He's one of those people who always claims he hates drama, but he always is creating drama. Eventually, it even becomes too much for him, who was in a sense a drama king, drama queen, whatever he was. Even he eventually finds it. For a while, it's intoxicating and he's sort of drawn into it. Yeah. And the kind of push pull and obviously the kind of incredible sexual energy between them. But then eventually, yeah, it goes too far. And he's like, I basically need a restraining order. I need to get away from this woman. And that's partly why he gets married.

And partly because of the affair with Augusta, his half sister, which is going on simultaneously. And he's like, I really have to stop that. That's bad. Of all the things I'm doing, that's the- All the things I'm doing. I need to put this whole life aside and marry a nice woman who's going to be good for me. And you know how that goes. So he definitely was having sex with his half sister because there's always some people that go, well,

I'm quite sure. Yeah. I mean, you know, I hate, I hesitate to say definitely about anything with sex in history because you often don't know. I think you can say that the relationship was more erotic and intimate than you would expect for half siblings. Yeah. What exact form that took? Do we know? I,

I don't know, but it definitely, you know, people commented on the time. It seems to have been a sort of open secret that Byron is sort of bringing her around as not as a sister, but as a kind of love interest. And, you know, the vibes were off. I think when people saw them together, the vibes were off for a brother sister relation. And if you look at their letters,

And certainly Lady Byron's, his wife's testimony, she's like, they were on the couch, you know, canoodling. I would go upstairs to bed and they would be whispering and giggling and, you know, doing all this stuff. And she was pretty sure that that was what was happening. We should probably talk about the woman that he married who...

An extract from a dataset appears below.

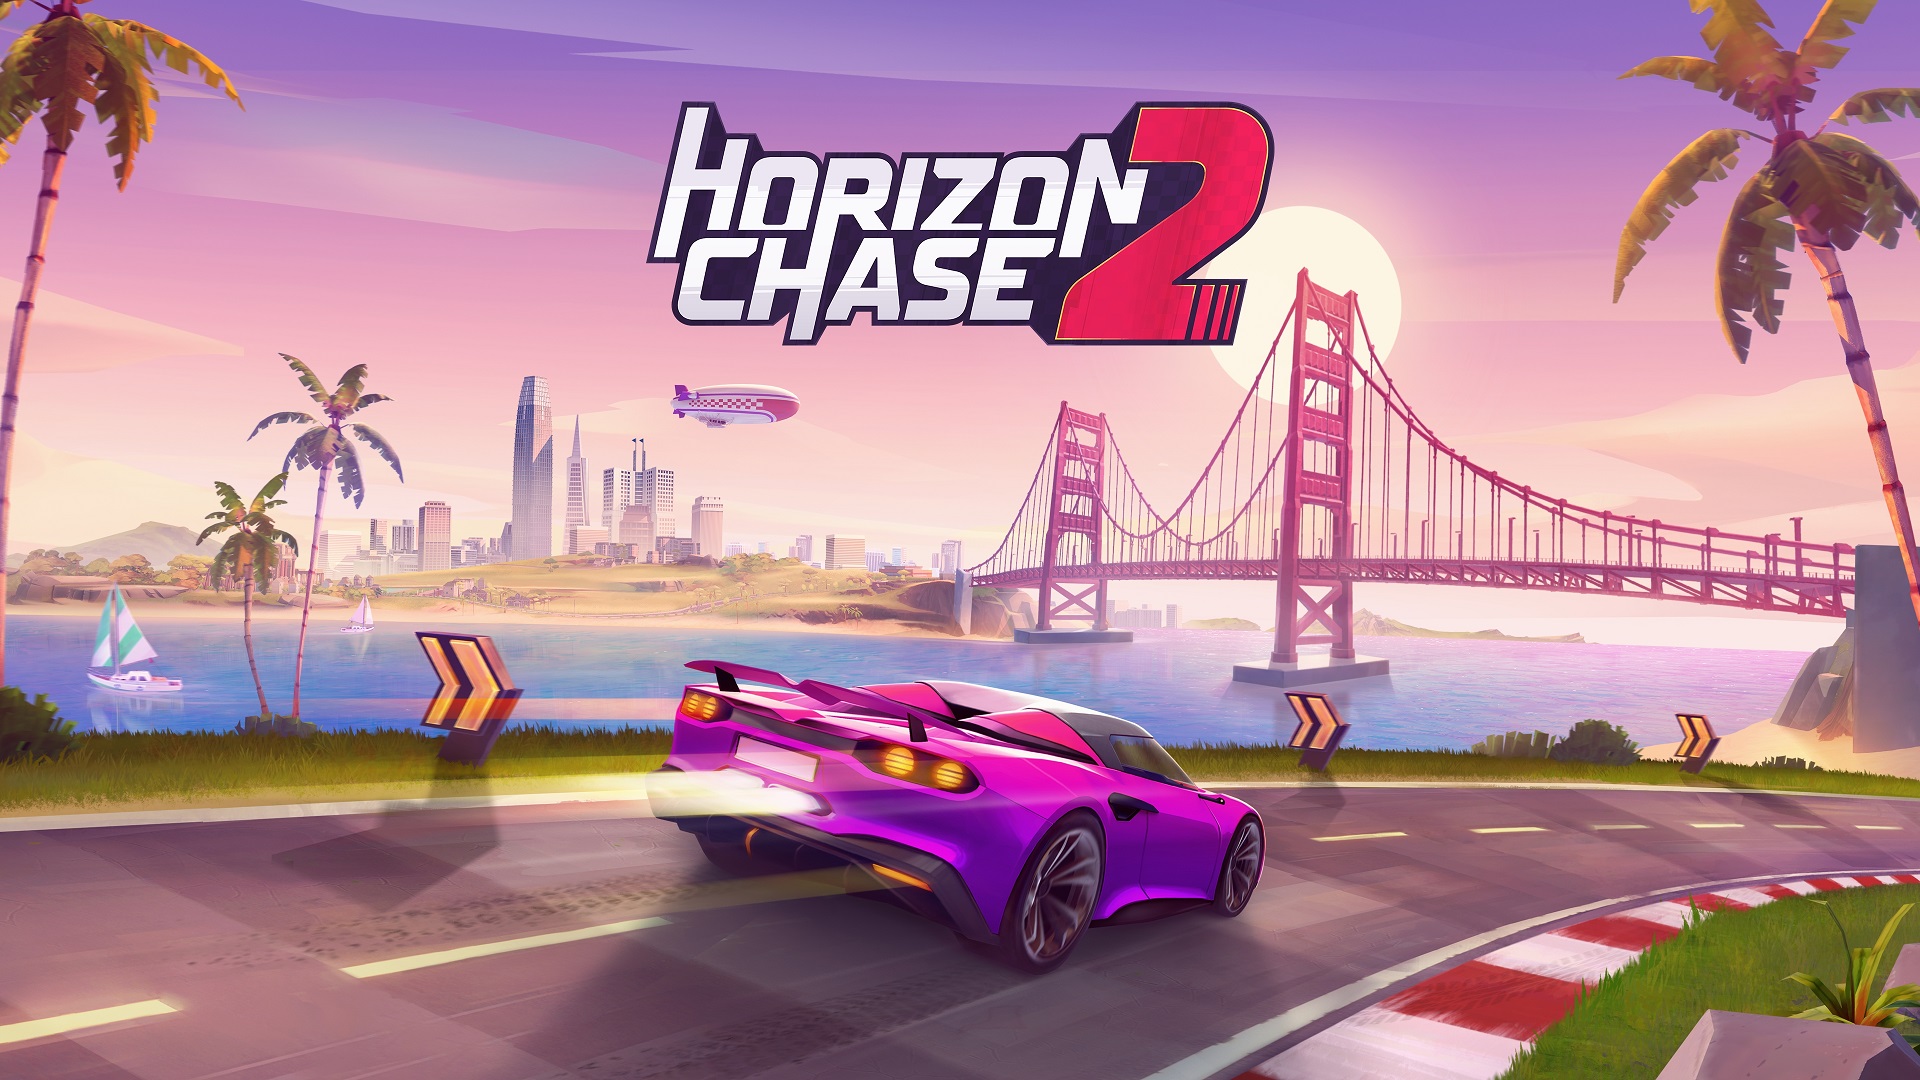 Horizon Chase 2 announced for Apple Arcade, PC, and consoles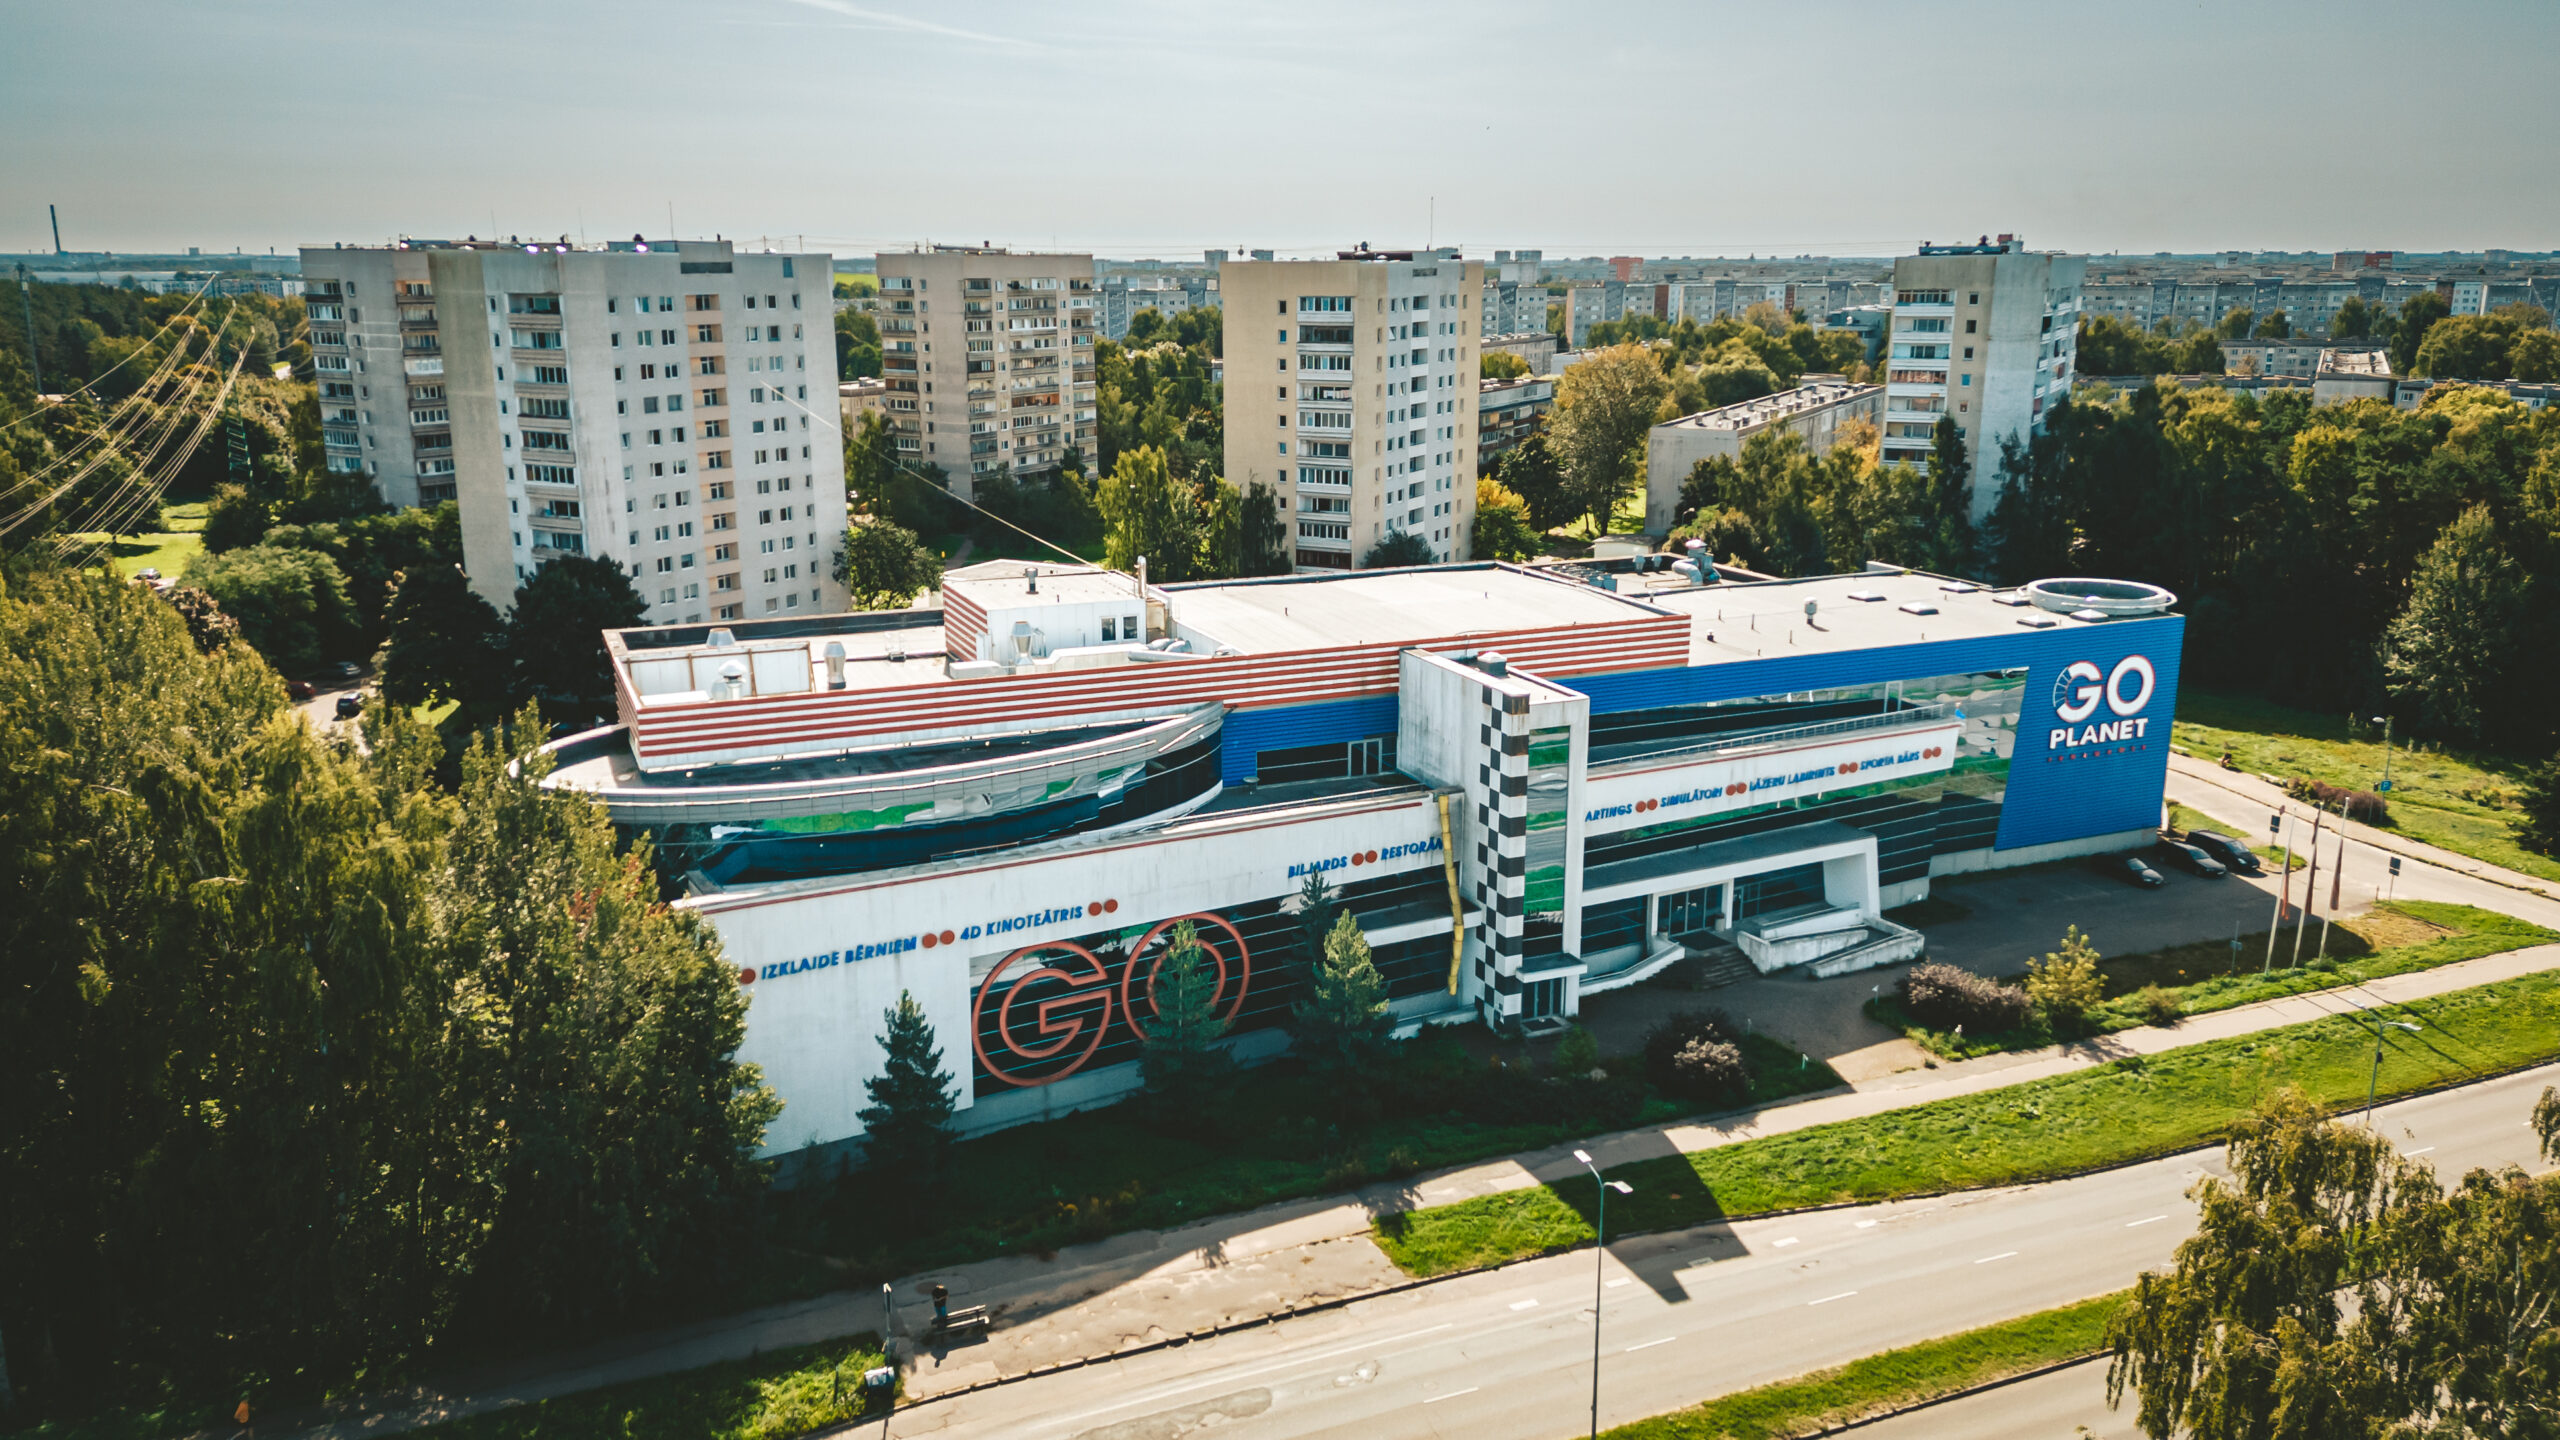 Merito Partners commits over EUR 6 million to transform ‘Go Planet’ building into one of the largest self storage facilities in Eastern Europe

genuinely doesn't seem to have quite known what she was getting herself into and was an odd, seems like an odd choice for somebody like Byron. Can you tell us a bit about who she was and how they ended up together? She was well-born, appropriate for him as a member of the class to which he belonged. She was serious, moral, a mathematician, ultimately someone who Byron thought could reform him. They had a series of

letters exchanged where he would sort of talk about his bad past and she would say, all you need to do is try a little, you know, let me help. And so I think he turned to her as a kind of rescuer from a world that had become too chaotic thanks to himself. And she thought she could fix him. She took it on as a duty, I think, to say just if one woman would love him steadily, he could come out of this.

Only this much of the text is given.